## TO DO
Everything from the line containing "Nugroho Arif Prabowo/YKAN" to the end of the listing, both included, should be returned exactly, apart from the pictures.

## SUPPLIED INFORMATION
*** Begin section ***

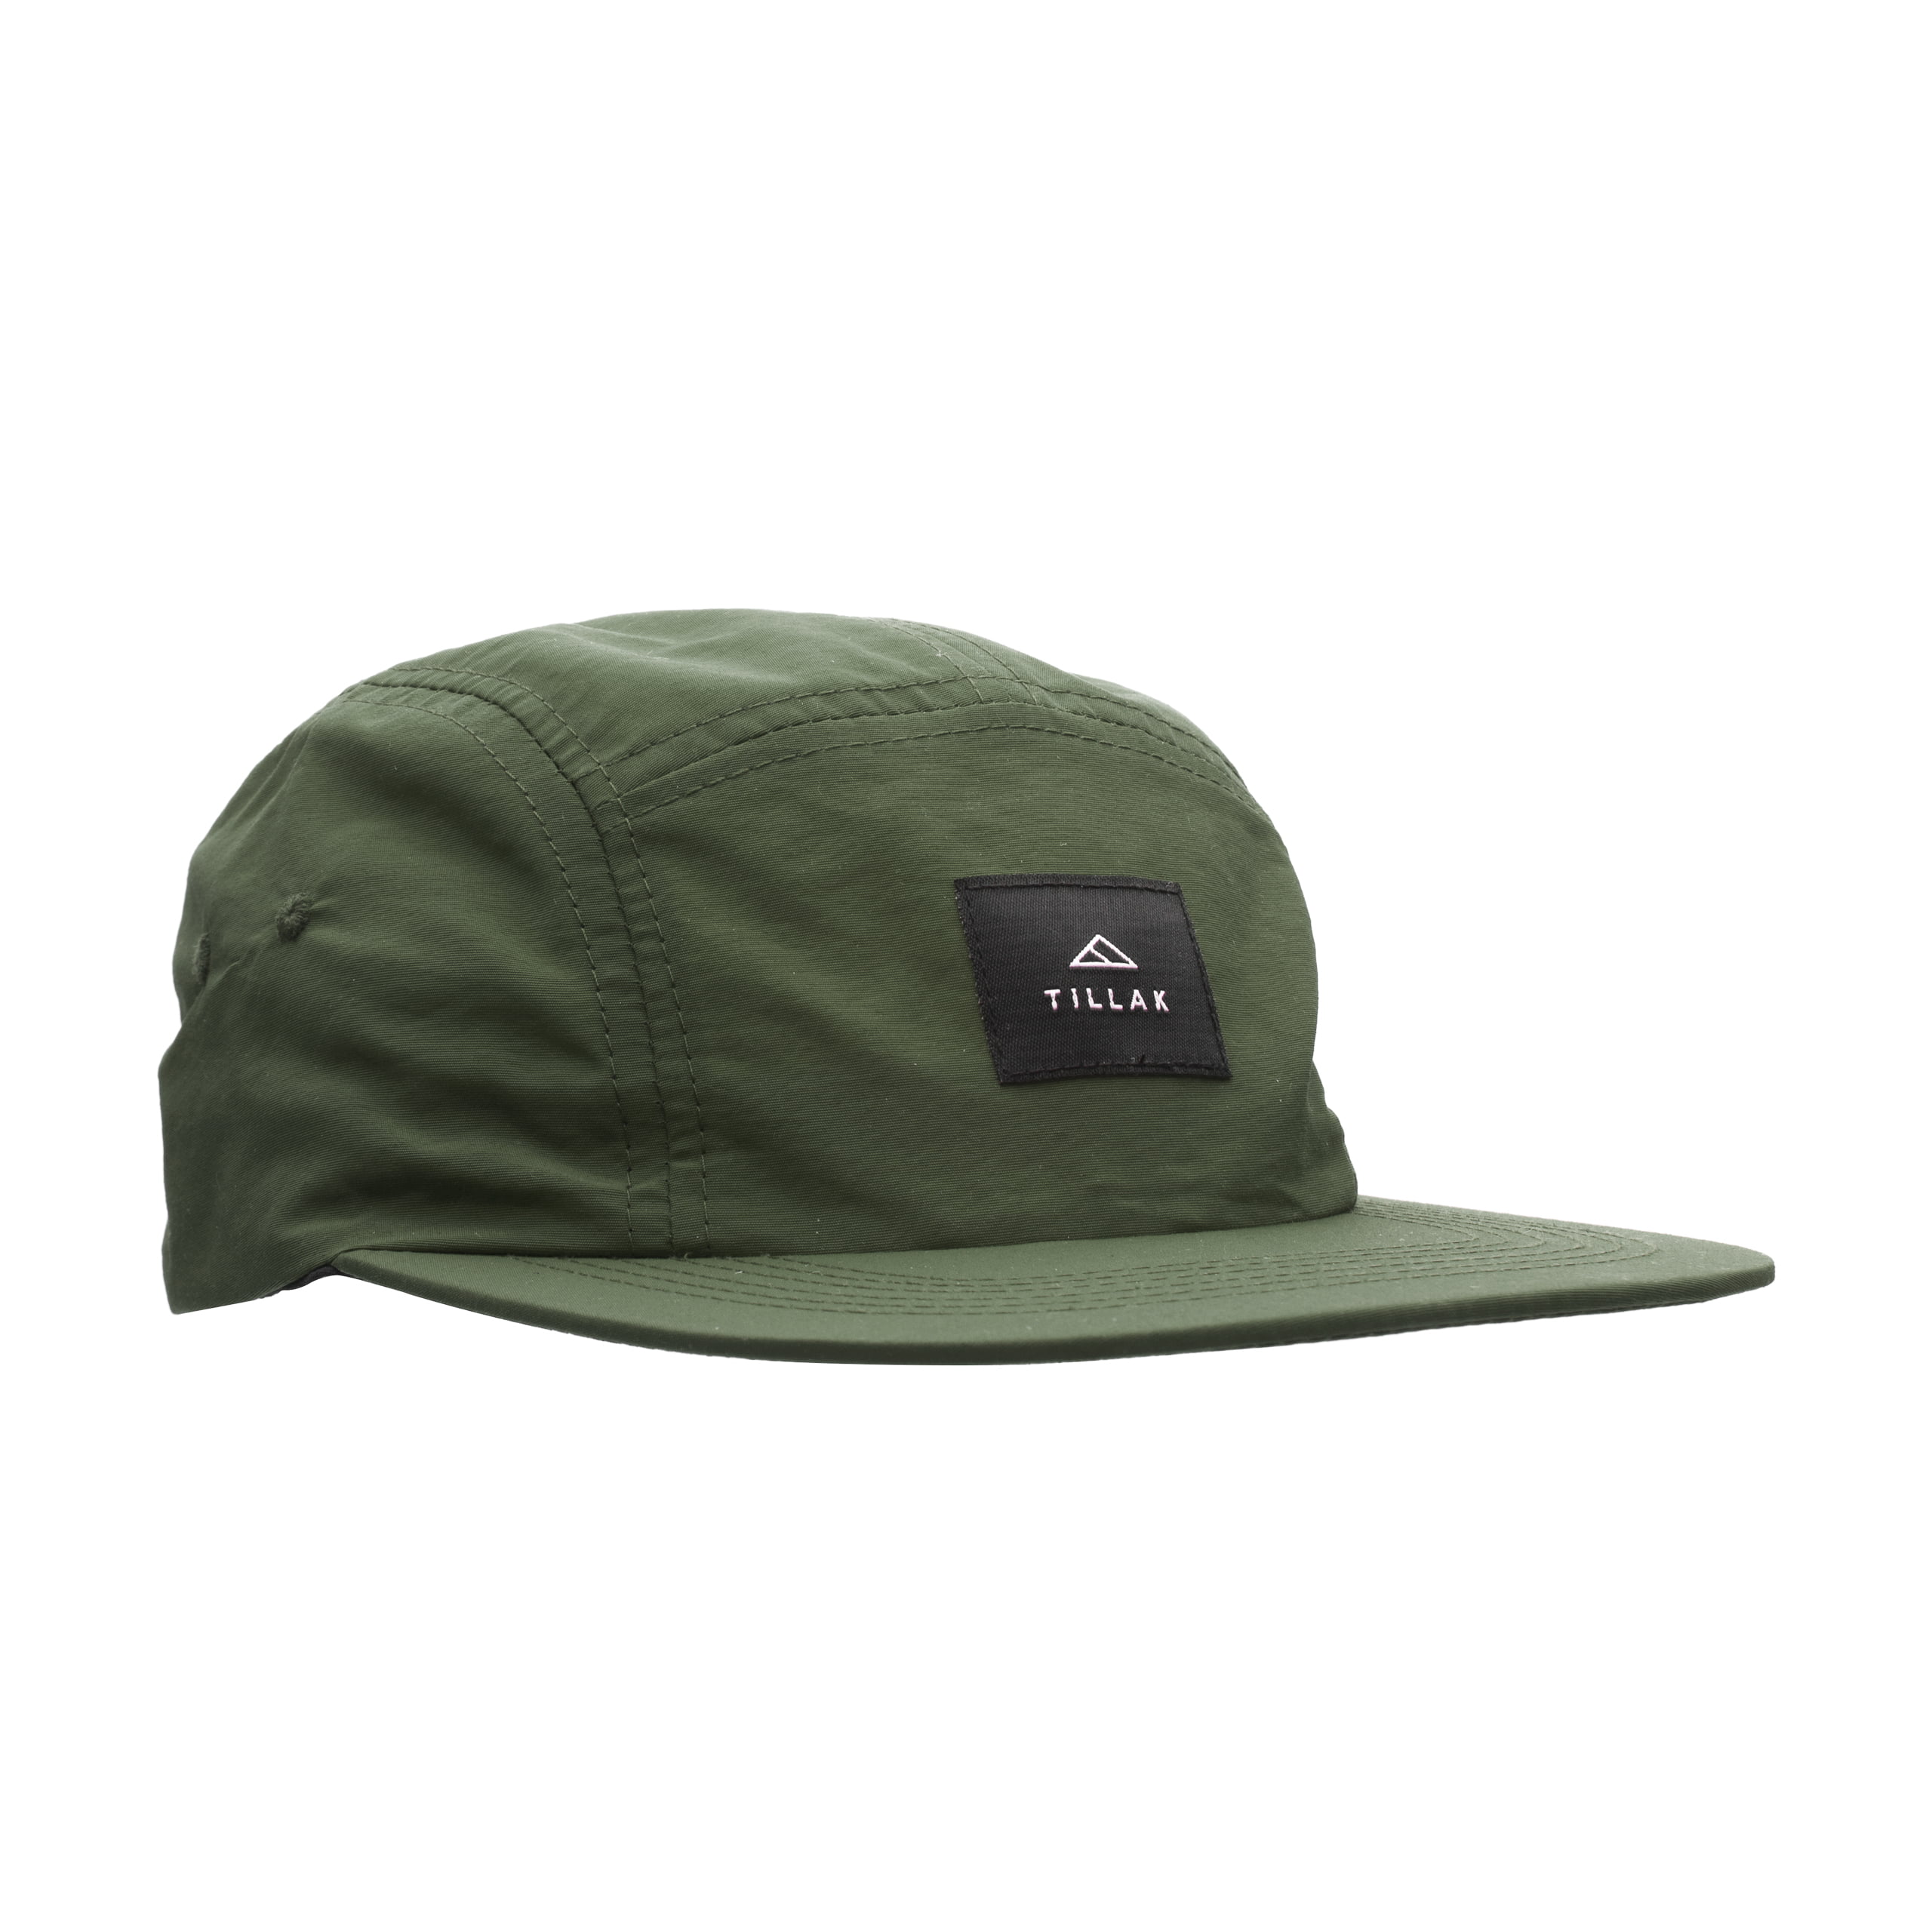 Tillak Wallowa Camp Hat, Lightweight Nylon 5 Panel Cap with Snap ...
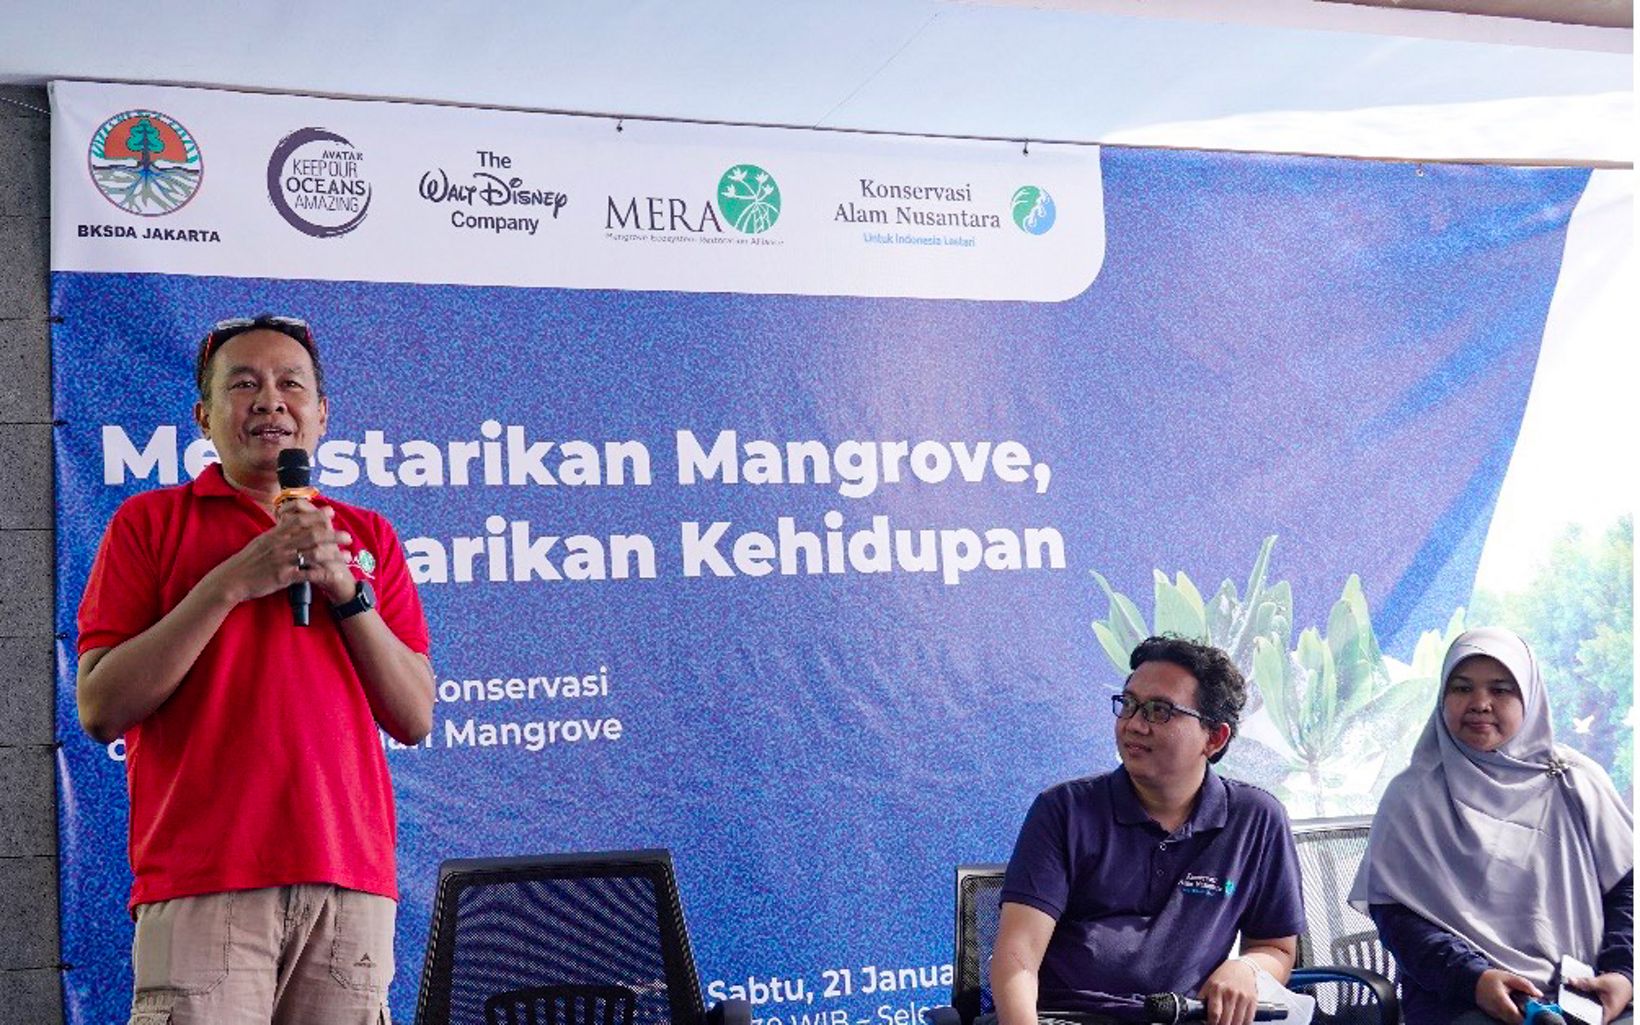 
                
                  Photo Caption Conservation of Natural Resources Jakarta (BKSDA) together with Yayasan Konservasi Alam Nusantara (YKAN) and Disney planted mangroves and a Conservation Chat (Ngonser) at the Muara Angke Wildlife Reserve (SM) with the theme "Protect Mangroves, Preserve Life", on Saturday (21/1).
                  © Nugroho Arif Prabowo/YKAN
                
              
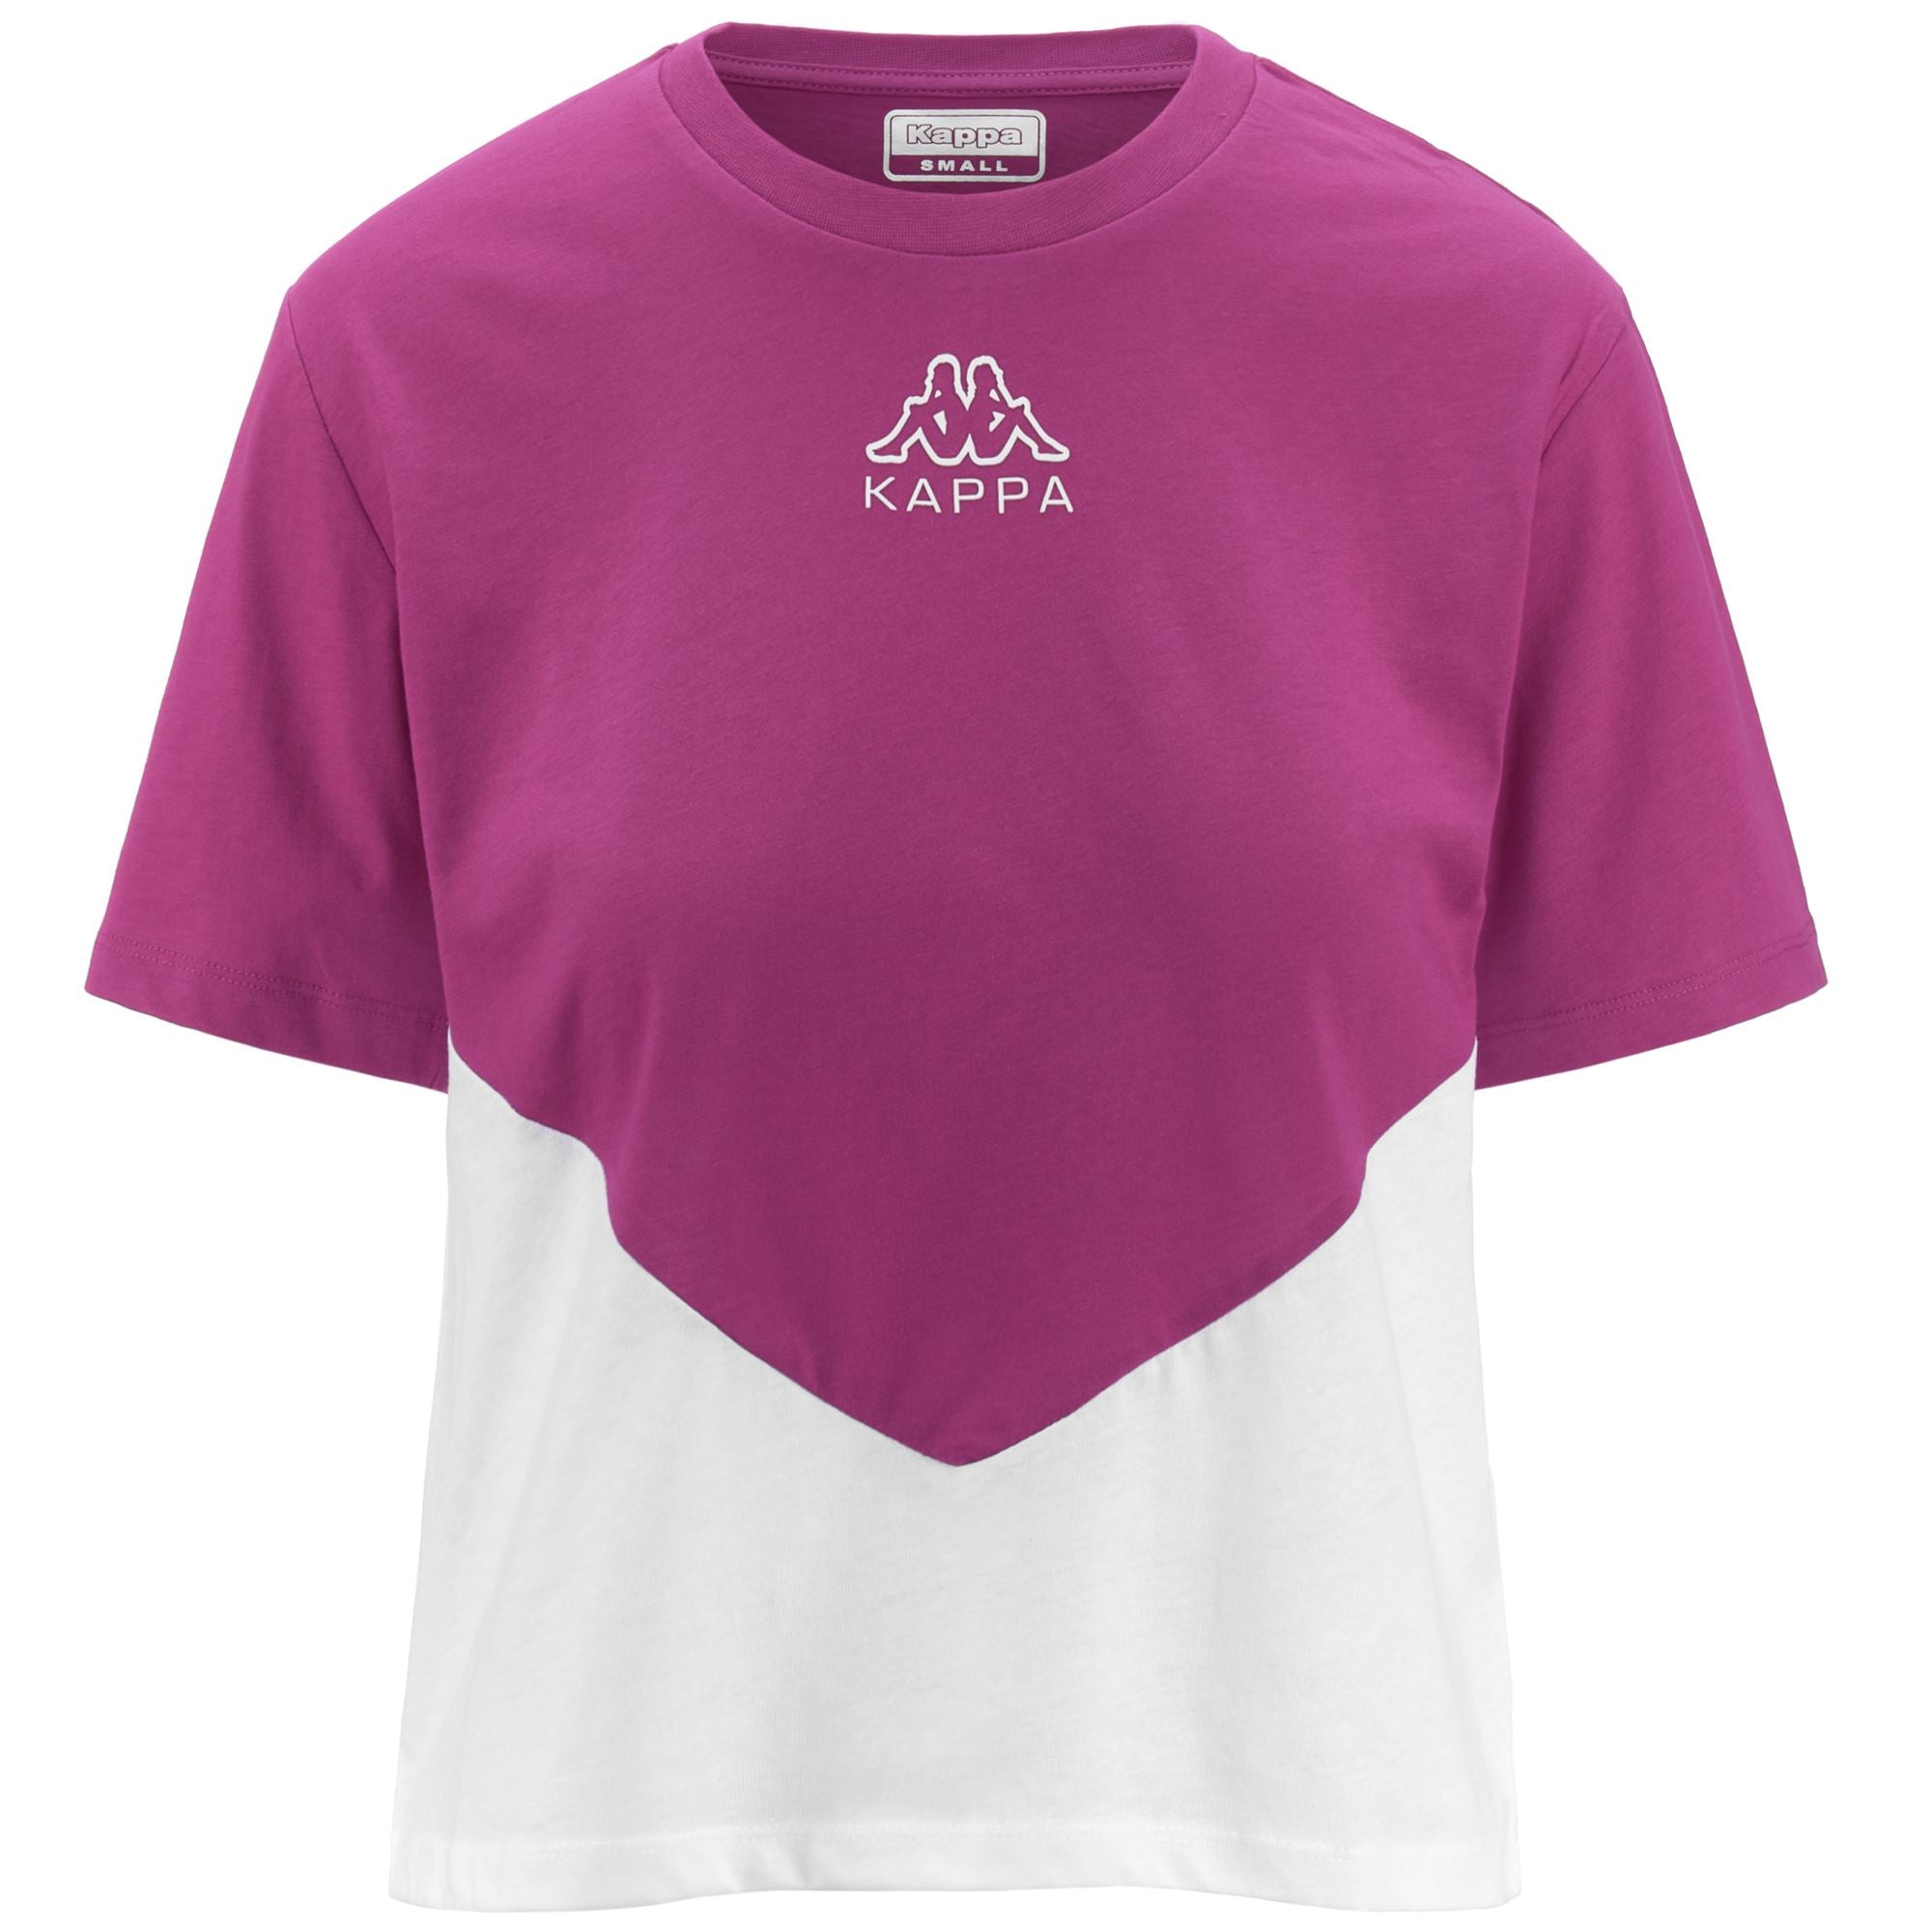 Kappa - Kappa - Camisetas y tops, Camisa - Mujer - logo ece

*** End section ***

## TASK OUTPUT
                  © Nugroho Arif Prabowo/YKAN
                
              
 Kappa - Kappa - Camisetas y tops, Camisa - Mujer - logo ece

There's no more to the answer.